Fears and rages

Dehumanization is at the heart of Woyzeck
By BILL RODRIGUEZ  |  December 16, 2009

 Theater_Marie_Woyzeck_main
CAUSTIC COUPLE Gibel and Shaw. Photo: MARK TUREK

Woyzeck isn't a play, it's a Rorschach inkblot test for directors and theater companies. German dramatist Georg Büchner left it incomplete at his death in 1837. But its theme of dehumanization by authority has enough timeless staying power for several editors and playwrights to have head-scratched and rearranged and come up with several versions, each tentatively final.

The Brown/Trinity Rep Consortium is staging Woyzeck (through December 19) as a thesis project in its MFA program, directed by Christopher Windom. Since Büchner died at age 23, before his shock at man's relentless inhumanity to man had time to wear off, he would appreciate his work being produced by grad students around his own age.

This is not a naturalistic play, but rather dreamlike, expressionistic, the fears and rages felt on stage often lurking around afterward like spectral goblins. Much of the dialogue is arch and stylized.

Windom and dramaturg Kristin Idaszak have brought this all down to earth as much as they could, setting it in post-WWII America and making the title character an African-American fearful of the Klan. It's hard to think of greater cognitive dissonance: on the one hand having risked his life in war; on the other, returning to prohibited drinking fountains and being spit upon. That certainly trumps the existential anomie of most playwrights.

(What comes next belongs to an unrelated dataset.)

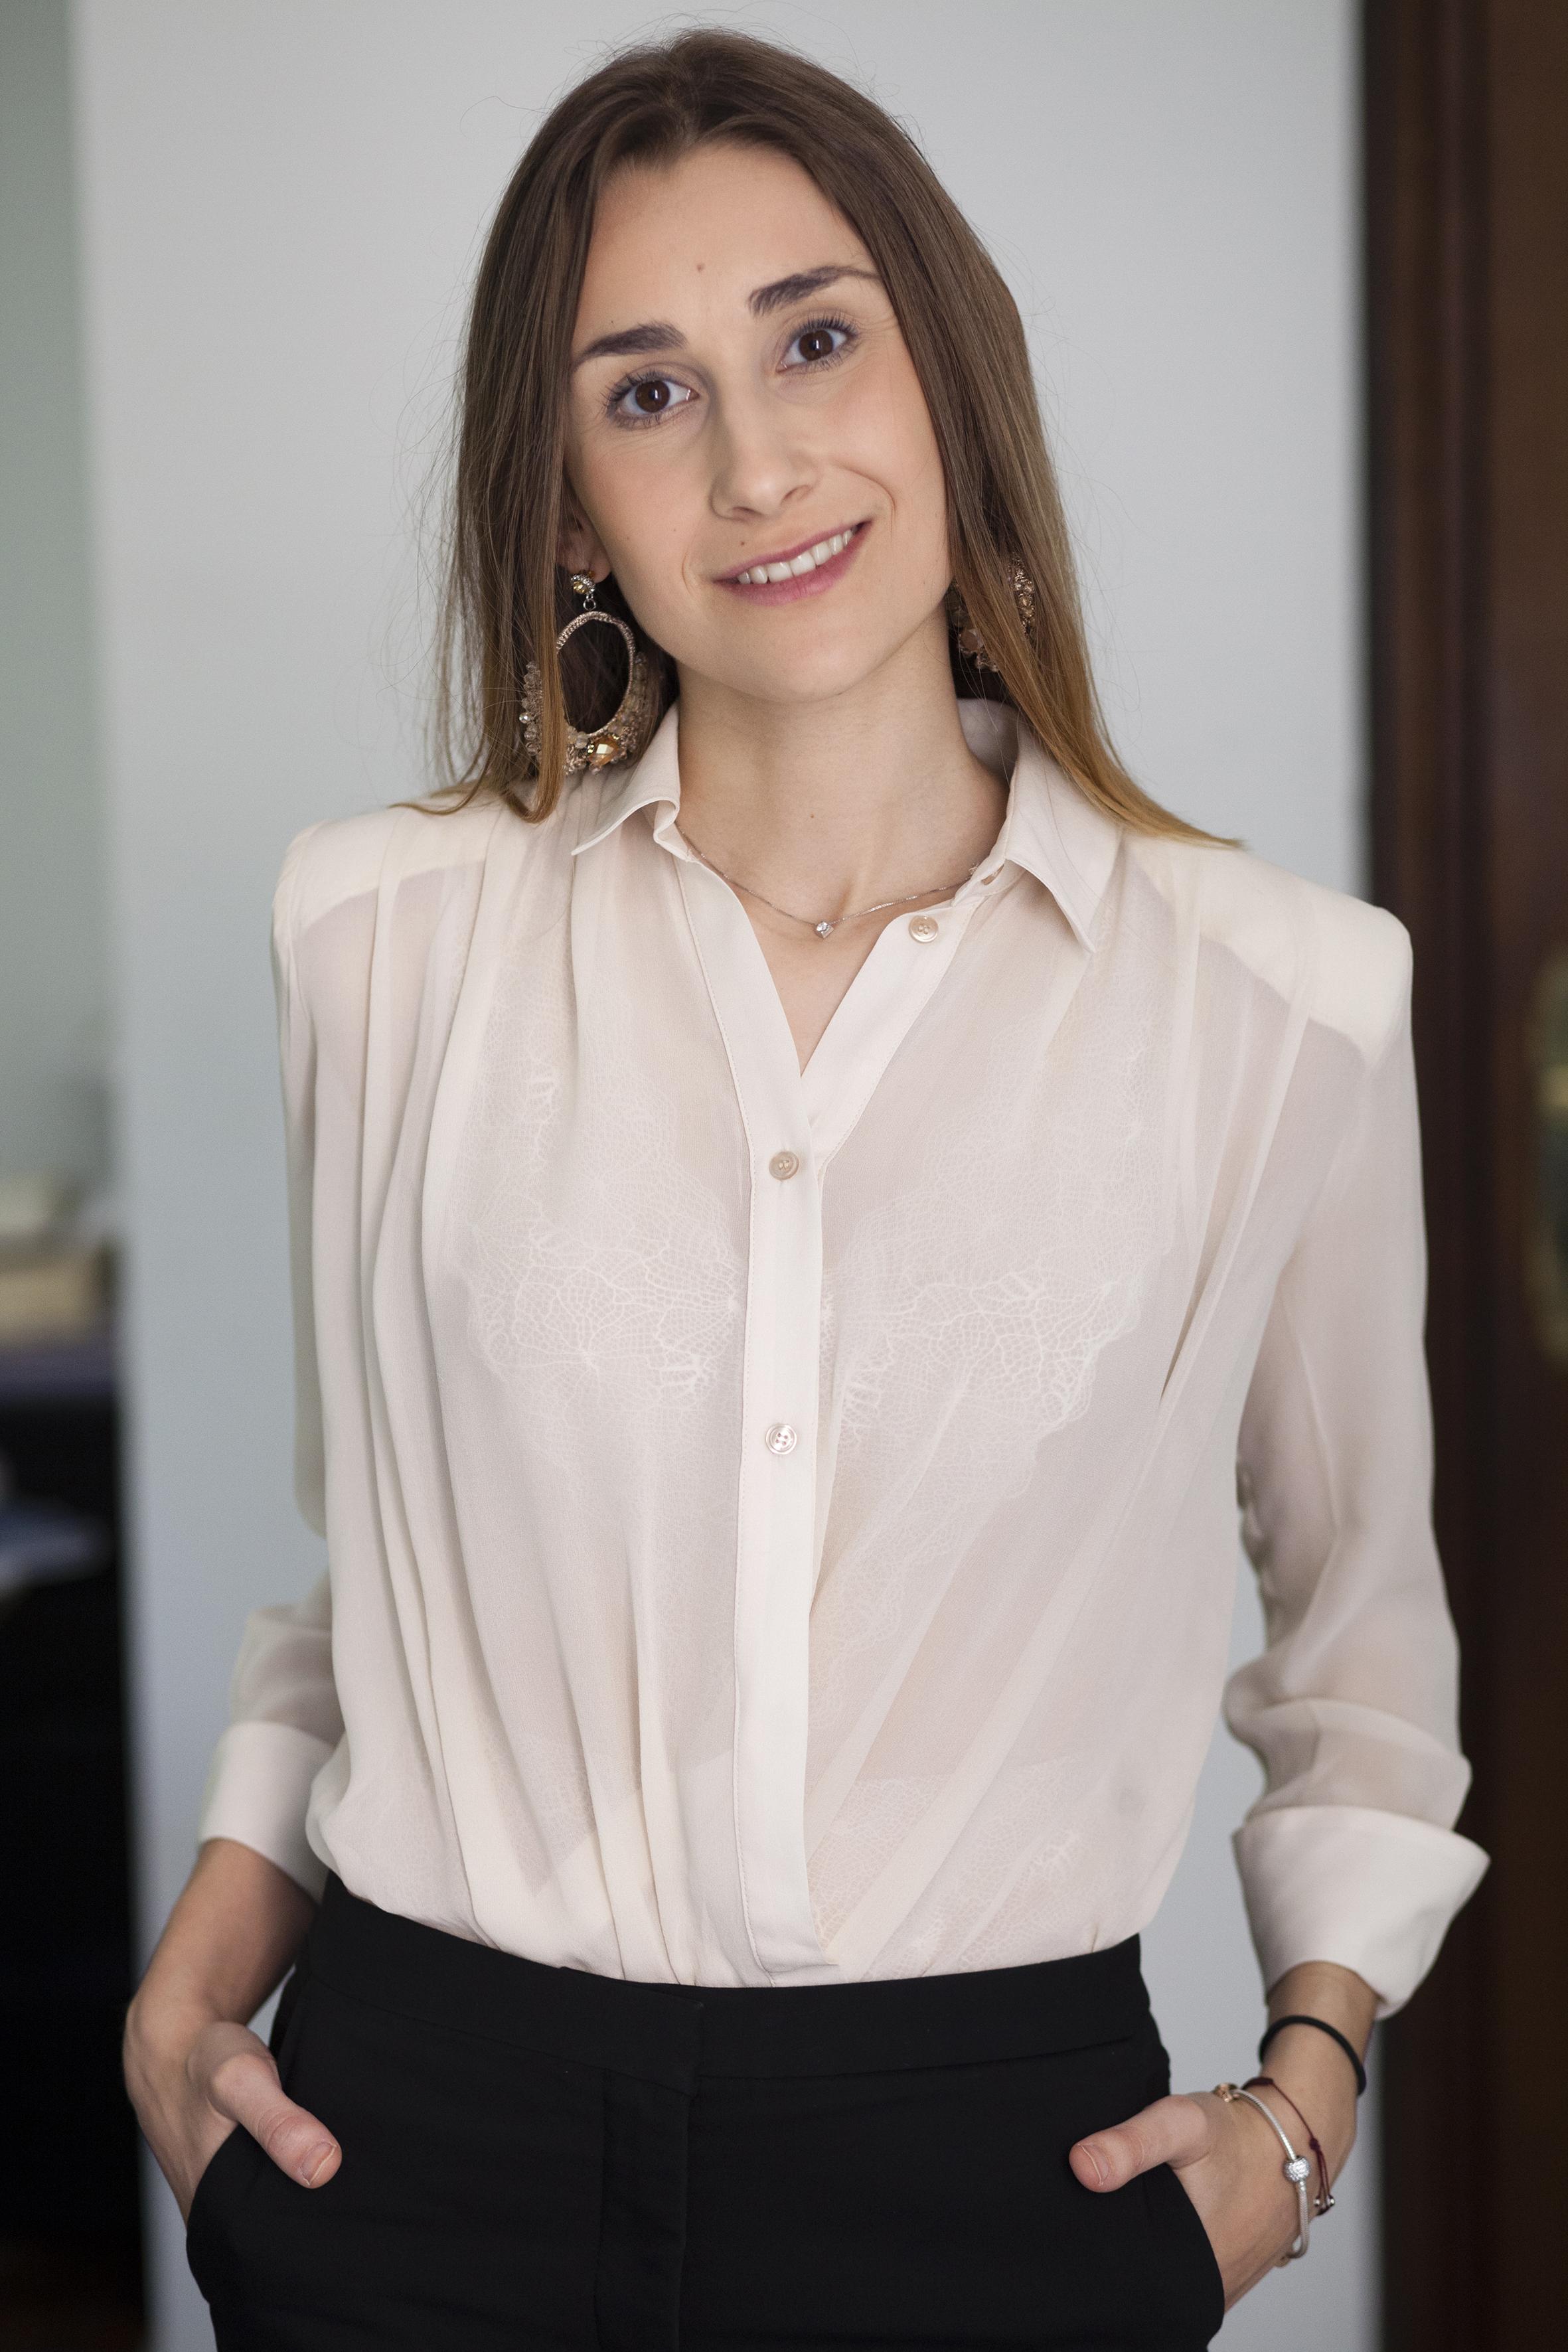 Dott.ssa Beatrice Carrozzo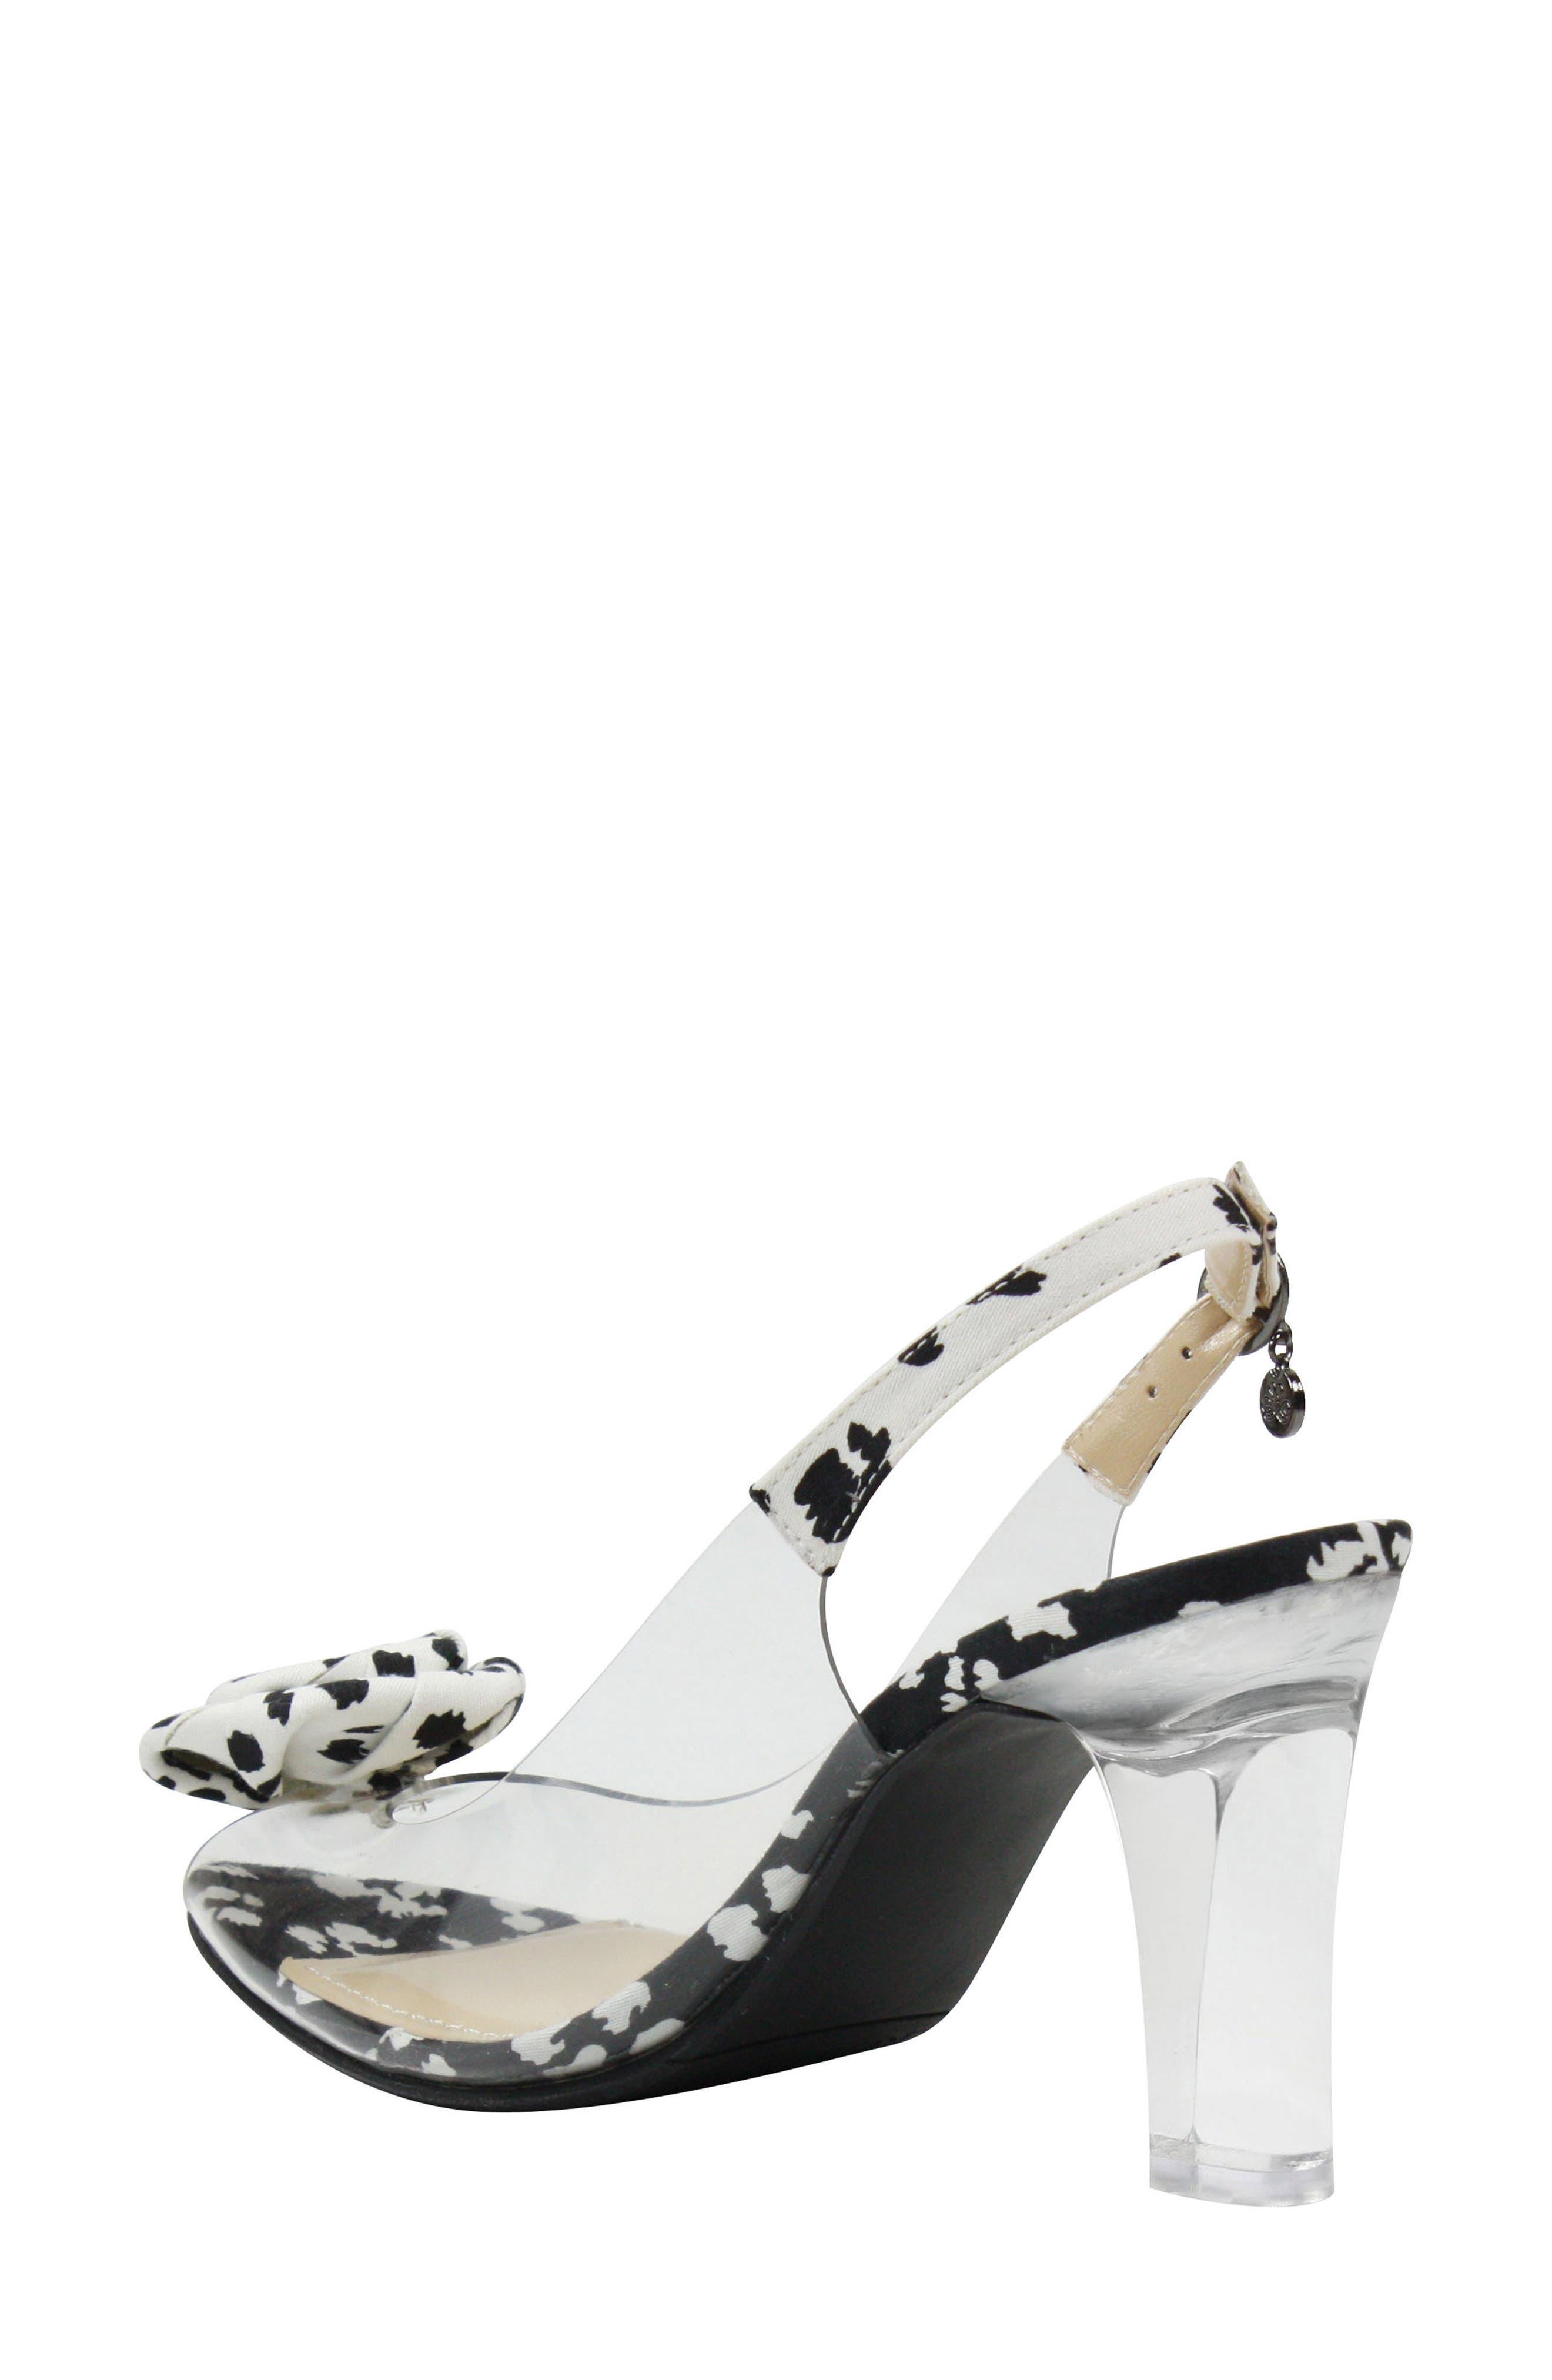 Adoracion Slingback Sandal,                             Alternate thumbnail 2, color,                             CLEAR/ BLACK/ WHITE

Since many of the exchanges are overwrought, much of this production's effect has to be from other than words. The set design by Patrick Lynch provides such subtext. On one side is a tall corrugated wall and door, cold and as impersonal as an airplane hangar; across from that is a billboard painted on red brick, a Ponds cold cream ad with a beautiful, Kabuki white face next to the phrase "For Pure Skin," with the "k" nearly worn off.

The character that applies to is Marie (Rebecca Gibel), played all-stops-out as a booty-shaking sexpot. She calls herself a whore, as do others, but she softens when she is holding her baby, fathered by Woyzeck (Will Shaw). He also mellows out when he is with this family — except for the moments when he's blood-eyed with suspicion of Marie being unfaithful.

There is one crucial scene that wouldn't survive tinkering in this play's many permutations. Personifying chest-thumping, atavistic male egotism is the Drum Major (Matt Clevy), whose job literally is to strut. He soon has an eye out for Marie, among other body parts, and when he attacks her alone in her kitchen, she soon gives in, saying, "I don't care. It's all the same." A court, or her conscience, would find uncertain whether it was technically rape, a useful ambiguity here.

Other caricature characters torment Woyzeck. The snarling Captain (Patrick Mulryan) pays him for shaves and to suffer abuse at his ranting, such as how poor people like Woyzeck have no hope of being virtuous. The Doctor (Karl Gregory) does the best broad acting job of the evening, entertaining us with verbal tics and fidgets as he tortures Woyzeck with dire health predictions and insists he eat nothing but peas. At one point he gives a pronouncement from high on a tall ladder. This scene is captivating, as Gregory whirls and scampers about like a rat in a cage, though smug with power. Director Windom's background in choreography came in handy here.